§ EXERCISE GOAL
Copy the data exactly. Images are the one exception.
#### GIVEN INFORMATION
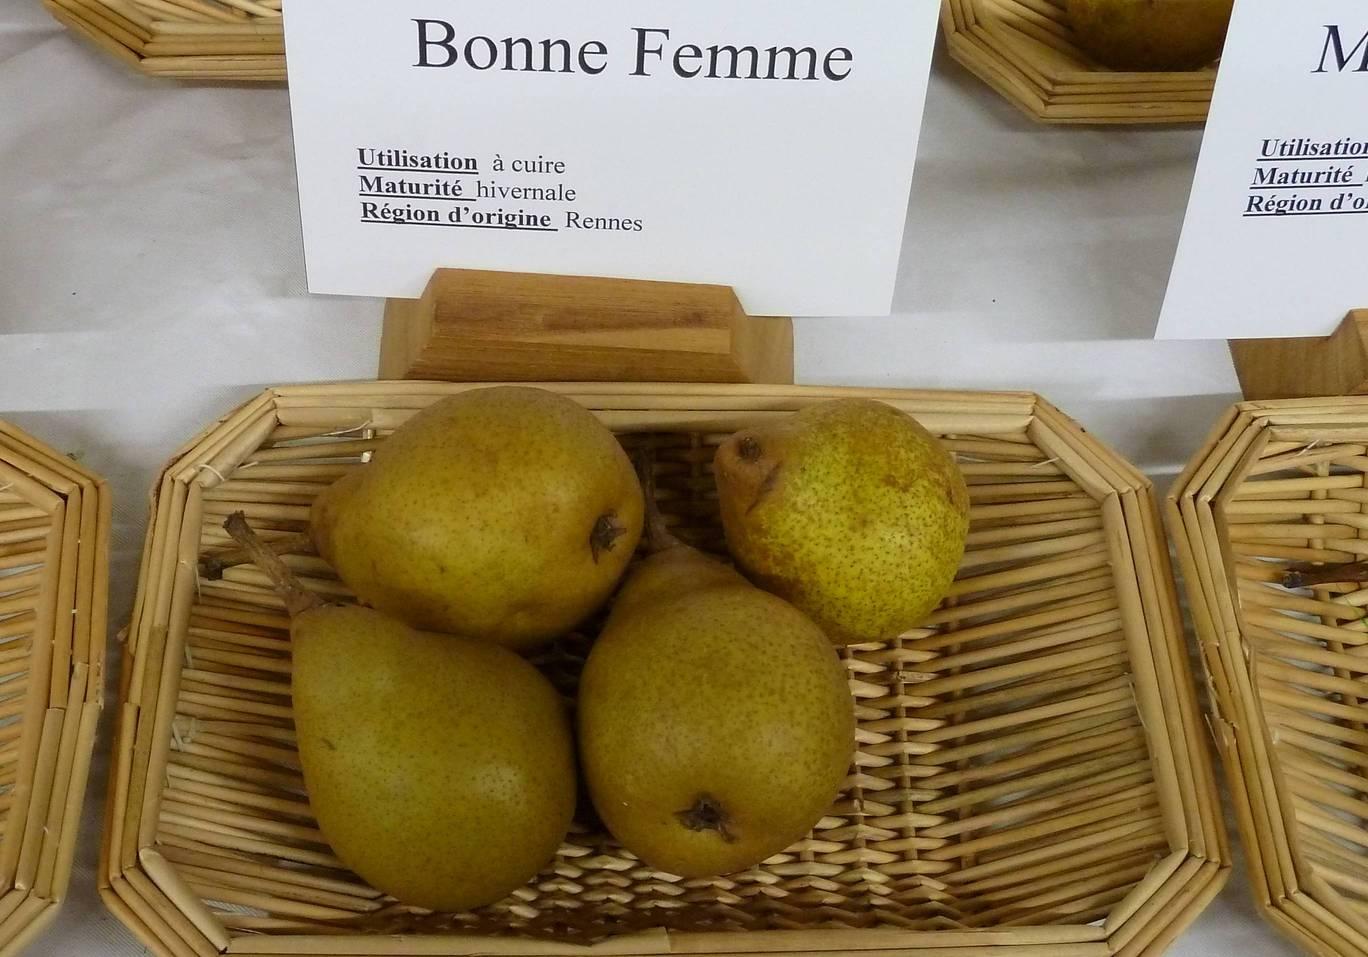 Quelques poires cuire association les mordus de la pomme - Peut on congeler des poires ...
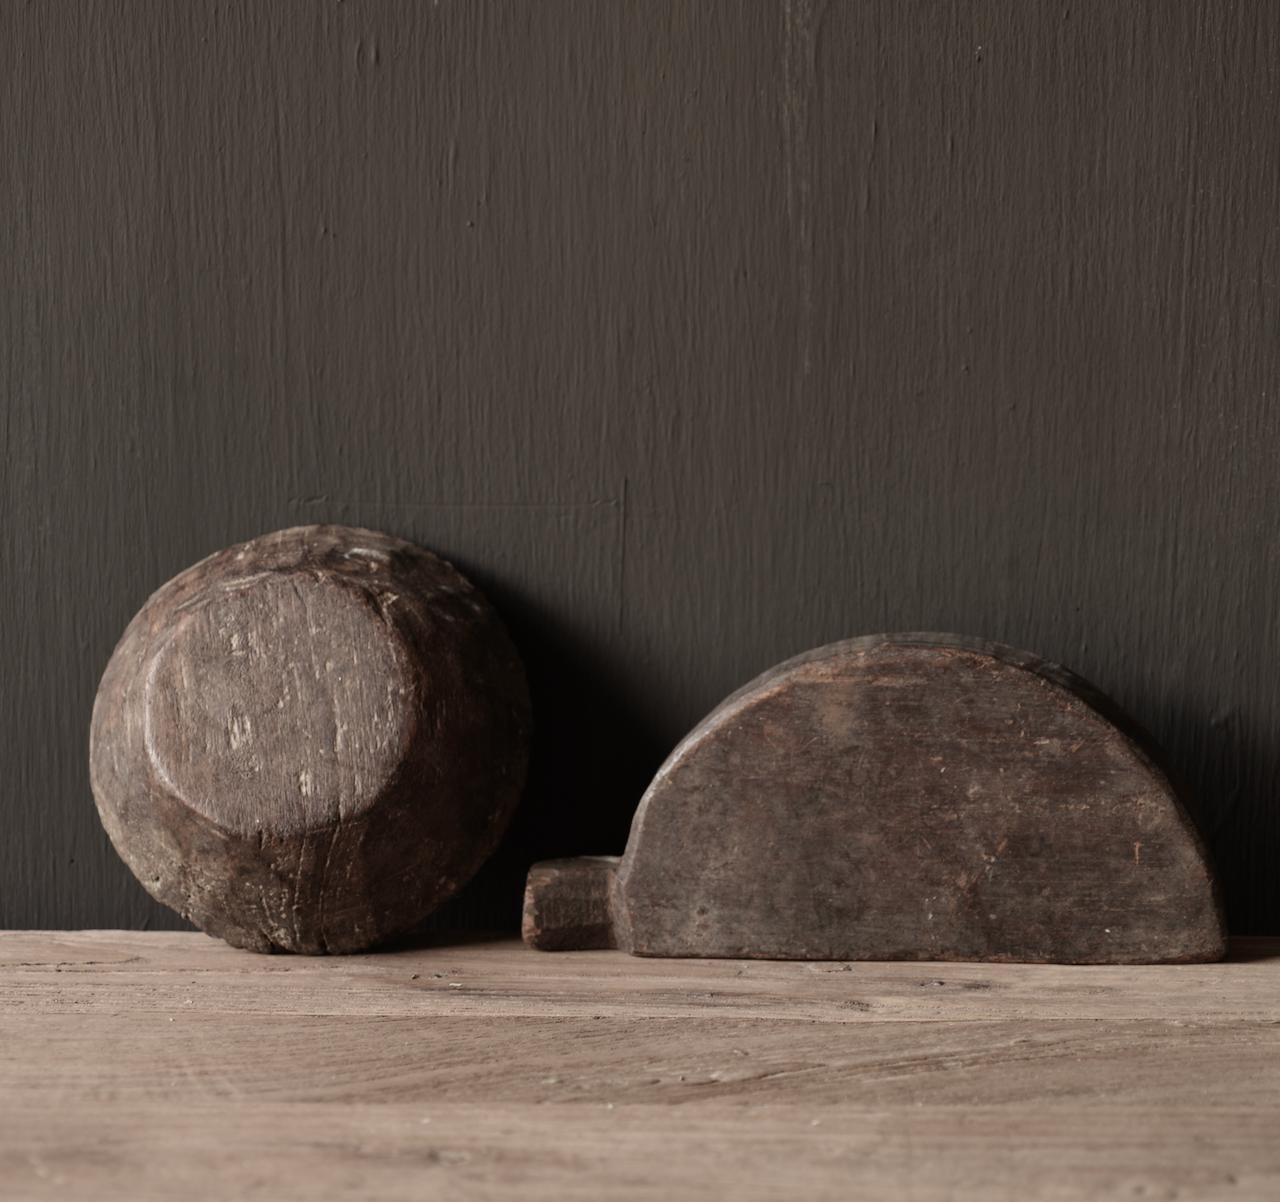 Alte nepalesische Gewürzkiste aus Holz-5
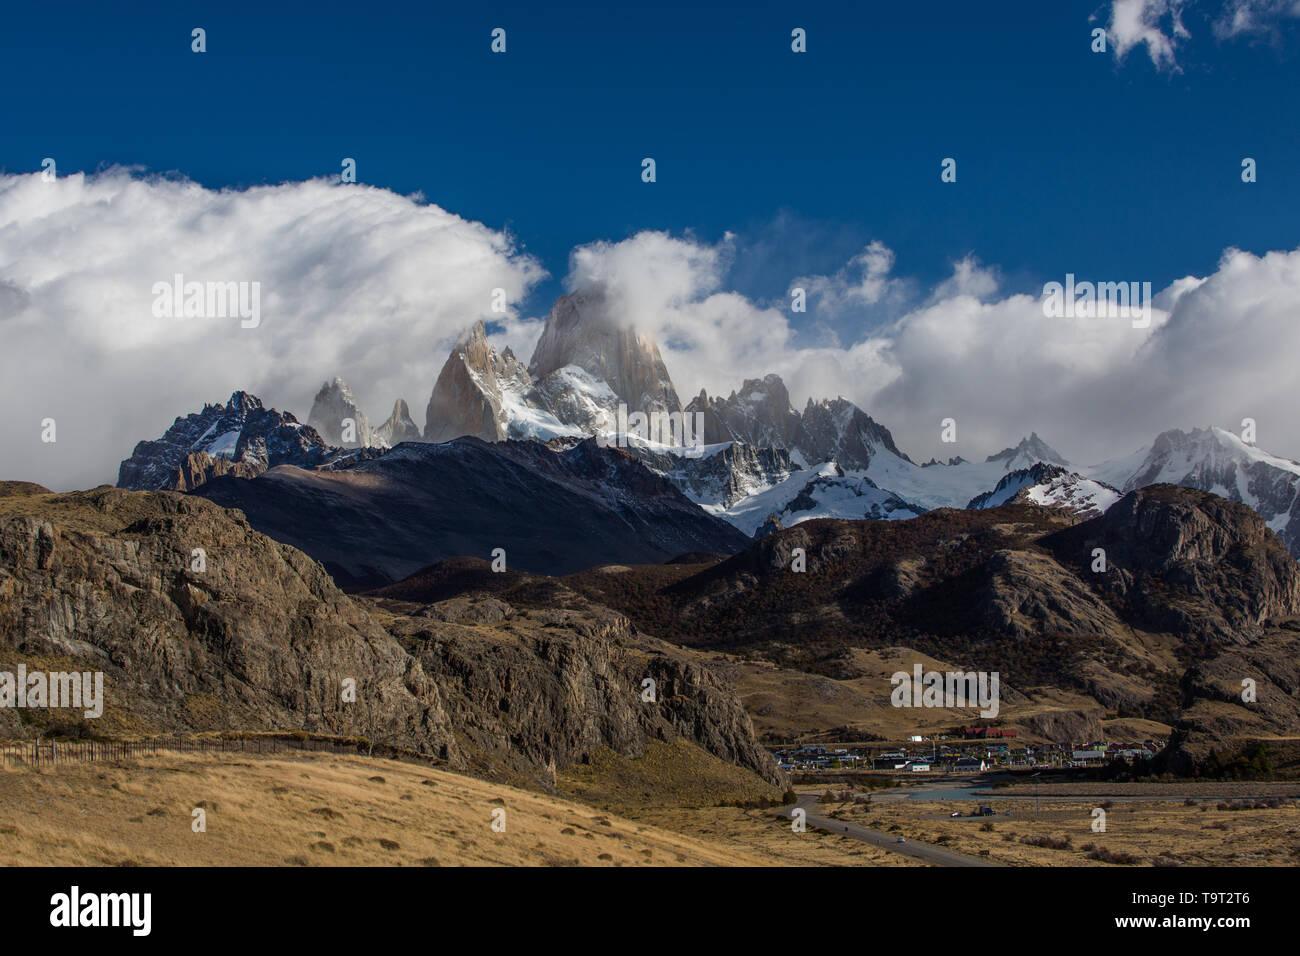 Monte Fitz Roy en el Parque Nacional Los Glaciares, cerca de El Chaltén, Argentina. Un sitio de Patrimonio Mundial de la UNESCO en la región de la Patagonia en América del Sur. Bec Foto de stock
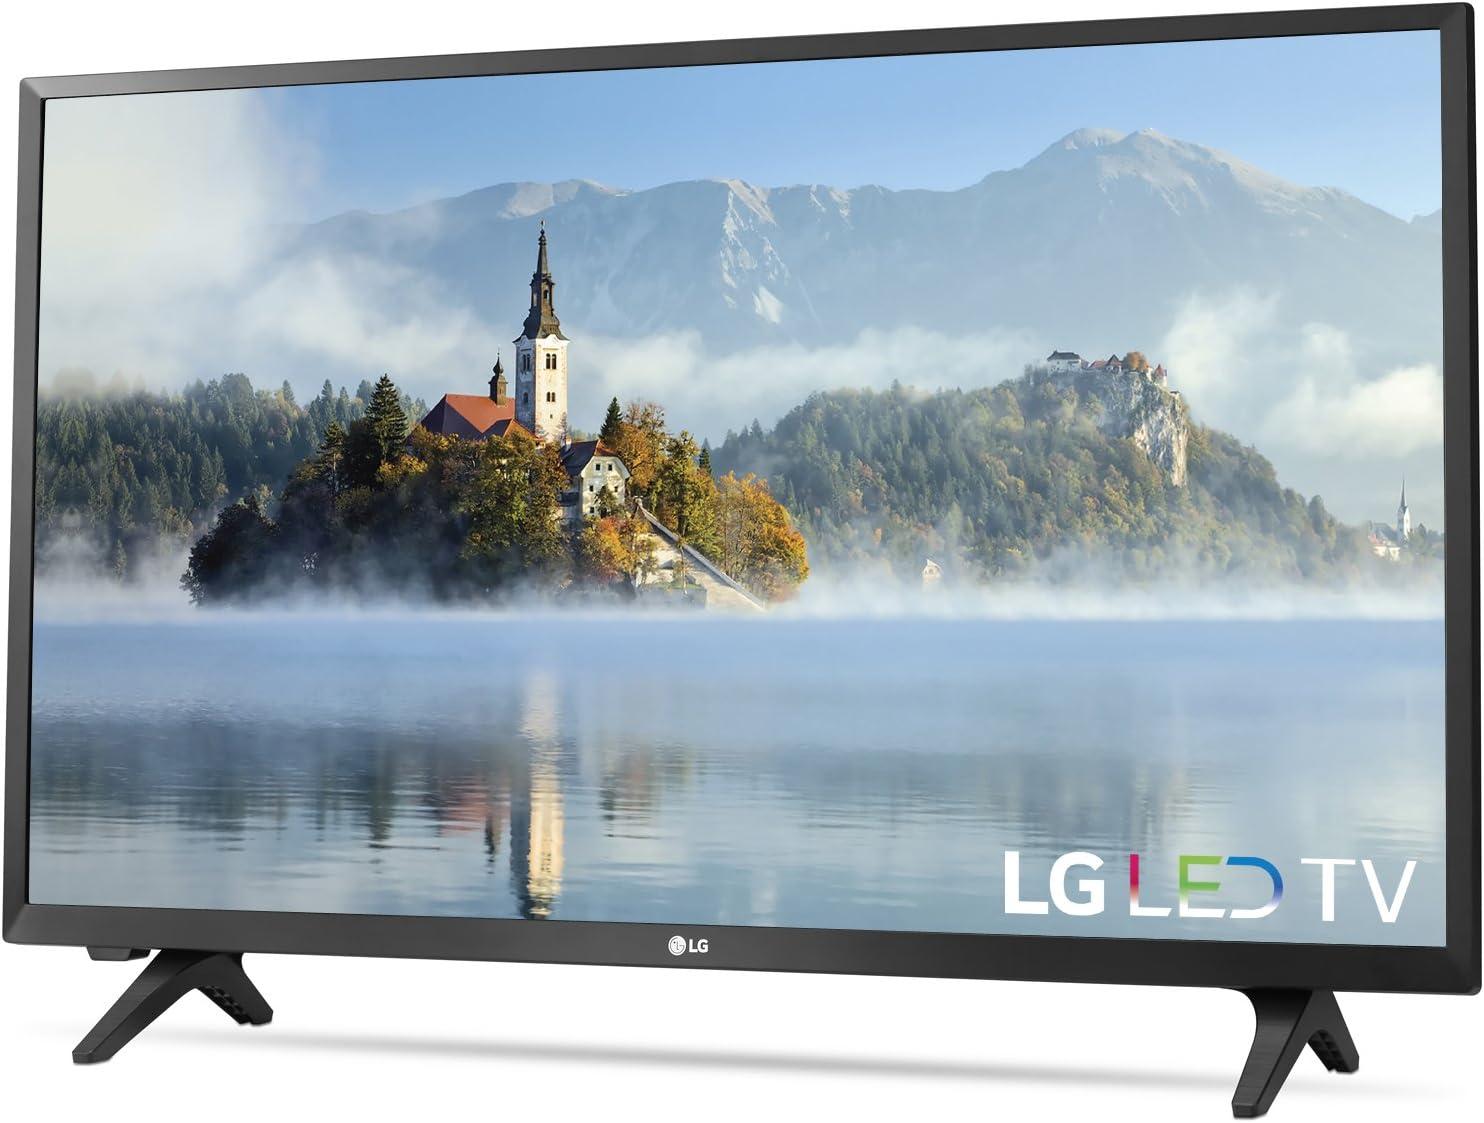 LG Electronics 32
########
§ ANSWER TO THIS TASK
 Quelques poires cuire association les mordus de la pomme - Peut on congeler des poires ...
 Alte nepalesische Gewürzkiste aus Holz-5
 Monte Fitz Roy en el Parque Nacional Los Glaciares, cerca de El Chaltén, Argentina. Un sitio de Patrimonio Mundial de la UNESCO en la región de la Patagonia en América del Sur. Bec Foto de stock
 LG Electronics 32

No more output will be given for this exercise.